Every good plan starts with a vision that takes into consideration many factors specific to each university, including overall goals, site analysis, an assessment of existing buildings, a utilization and space needs study, design concepts for proposed renovation or new construction, and cost estimates.

“You have to know your vision, both institutionally and departmentally, from a STEM direction,” says Ben Elliott, senior associate at Lord Aeck Sargent. “You have to think big, definitely outside of the rooms you are currently sitting in and how you are using them. Older buildings present unique challenges when it comes to supporting STEM education and research.”

Making the Switch from Traditional to STEM Spaces

STEM-focused spaces are intended to spur collaboration and interdisciplinary learning by enabling students to work in a variety of educational settings. Such team-based learning is not easily achieved in older buildings that house traditional classrooms, outdated computer labs, and discipline-specific teaching labs.

Today’s teaching methodologies require flexible classrooms, team-based studios, student commons areas, natural light, transparency, movable furniture, collaboration spaces, active learning studios, room to expand in the future, interdisciplinary learning labs, project-based experiments, and plenty of research and informal learning spaces, all of which encourage an attitude of working together rather than in silos.

“If we are planning an interdisciplinary building, we like to allocate between 5 and 15 percent of the space for collaborative and informal learning areas,” says Becky McDuffie, a senior associate at Lord Aeck Sargent. “These are softer spaces that have become increasingly important within the STEM disciplines because they facilitate interactive, group-based activities.”

Ensuring that a university can meet the needs of STEM education and research is not easy. There are often challenges that must be overcome via renovations, additions, or new construction to help universities reach their goals. The most common hurdles include not having enough space or the right type of space in existing buildings; having too much compartmentalized, inflexible space; trying to preserve historic structures; and addressing inadequate MEP systems.

The transition goes more smoothly when buy-in is obtained from students and faculty, who serve as the key stakeholders. In the end, a university that features modern teaching and research facilities is able to recruit and retain quality students and faculty.

“In addition to the essential knowledge of programmatic needs that the faculty and students can provide, inclusion builds consensus and enthusiasm for the project,” says Elliott. “This is especially true when the project will be introducing new paradigms for how research and/or teaching will be done at the institution.”

Each university faces its own challenges and chooses its own plan for keeping pace with the needs of stakeholders.

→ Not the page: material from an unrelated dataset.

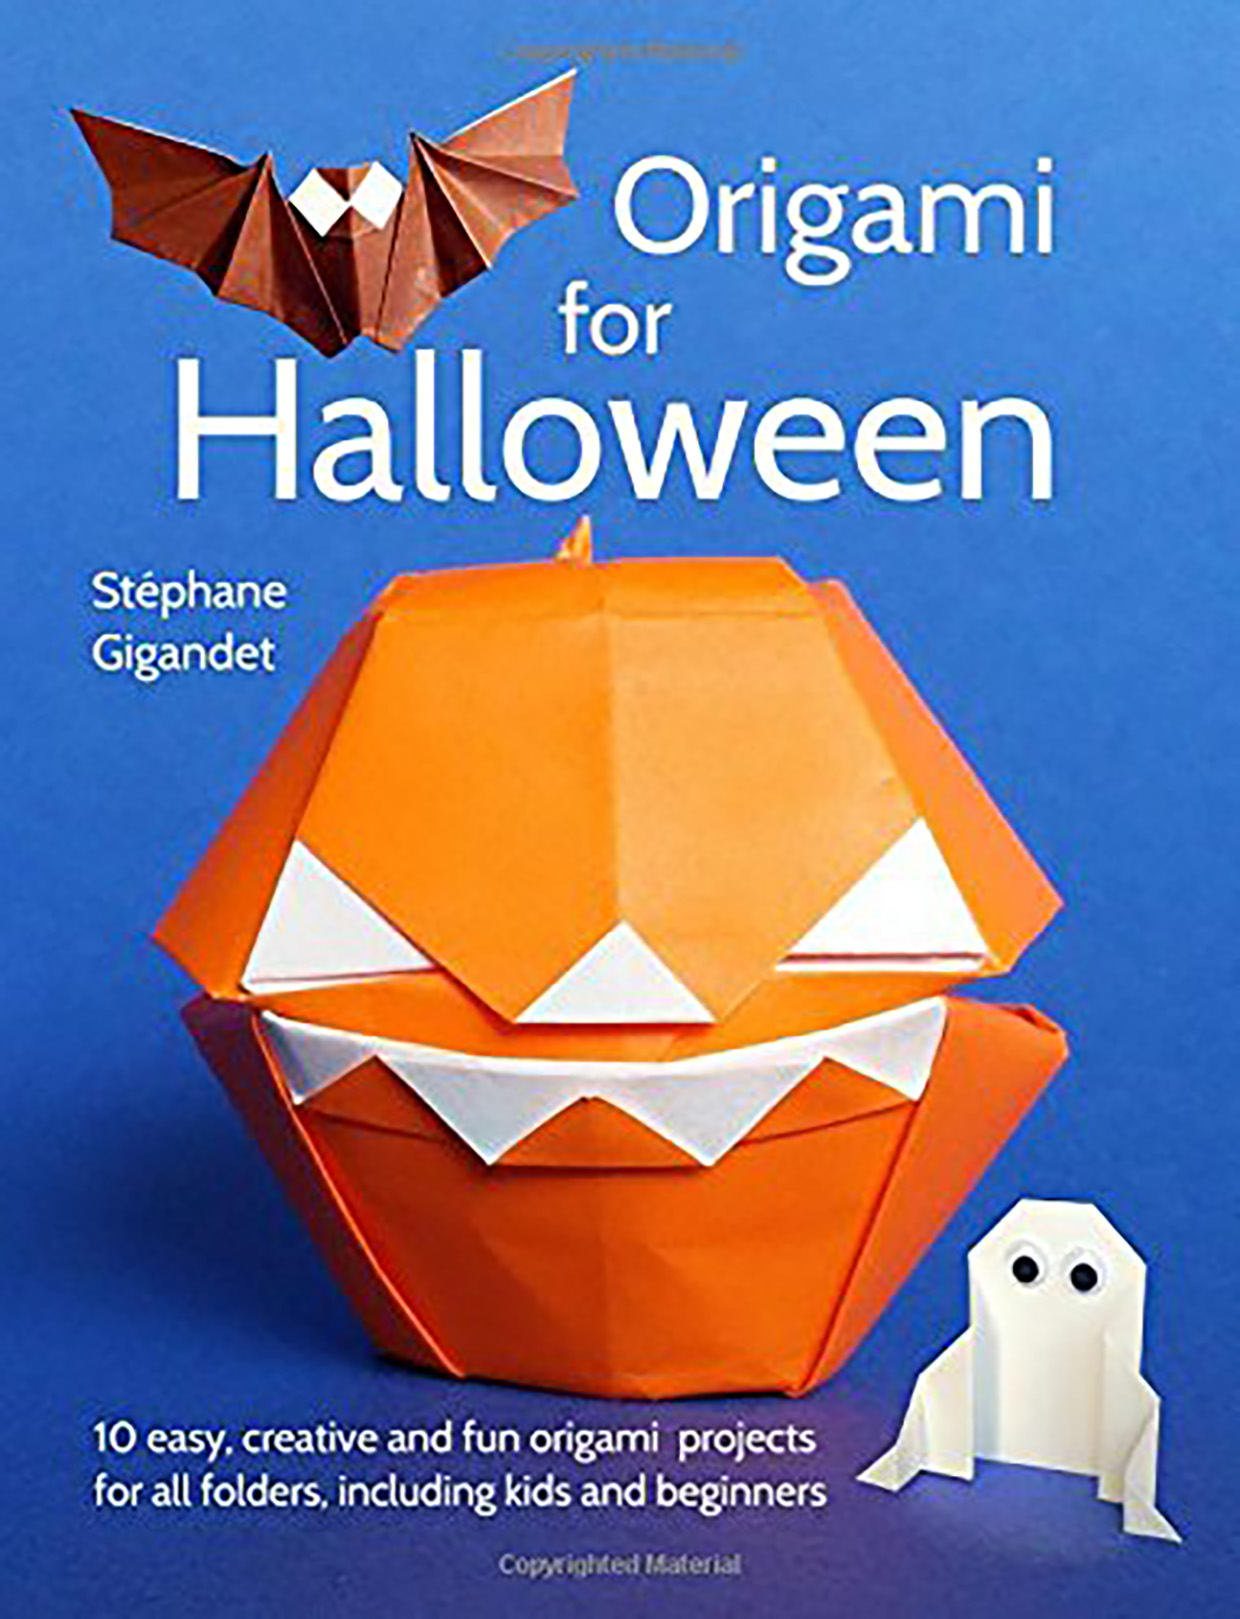 Origami for Halloween by Stéphane Gigandet

University of Tennessee Knoxville

A master plan Lord Aeck Sargent completed in 2015 provides a strategy to double the amount of science and engineering research and instructional space at the University of Tennessee in Knoxville, with the addition of more than 1 million sf of new and renovated space. The project is in response to the university’s quest to become a Top 25 public research institution by 2025.

The historic part of the campus is an area called The Hill, where the University can trace its origins back to 1826. The Hill has been the traditional home to the science and engineering programs, most in buildings constructed in the early to mid-1900s. While The Hill and these older buildings serve as the physical and symbolic heart of the campus, they are not well suited to the technical demands associated with modern STEM teaching and research facilities.

The plan calls for The Hill to emerge as a clearly identified STEM precinct within the campus, with renovations to seven of the existing buildings and the addition of nine new buildings or significant additions. Strategic and sensitive placement of newer research buildings adjacent or connected to historic structures is at the core of how the master plan provides for new, modern STEM facilities while repurposing older buildings as offices, classrooms, and collaboration spaces. Two of the new buildings in the master plan are already in construction, with one scheduled for completion in the spring of 2017 and the other scheduled to open in the fall of 2018.

University of Louisville

A study is nearing completion to assess the current space utilization and deficits at the University of Louisville’s Speed School of Engineering, based on student enrollment, faculty/staff headcount, and research expenditures. Lord Aeck Sargent projects the Speed School precinct of more than 152,000 nsf has a total space deficit, including labs, research areas, classrooms, offices, and collaboration space. With proposed projects totaling about $145 million, the master plan defines a sequence of demolition, renovation, new construction, and site and infrastructure improvements to transform the physical context and quality of facilities to support the Speed School long into the future. Phasing and cost factors have been developed to align proposed projects with prioritized needs, available swing space, and achievable cost parameters.

“For the administration, this will be a visual plan that will provide images and numerical background to justify funding,” says Elliott. “From a faculty and student standpoint, the master plan establishes a roadmap to both increase the amount of space and improve the quality of space.”

The engineering precinct is separated from the main campus by a major road and is also near a railroad track, presenting some connectivity challenges to the rest of the university. However, construction of a university research park, to be located just south of the Speed School, is expected to bring more people to this part of the campus. The research park is in the planning stage.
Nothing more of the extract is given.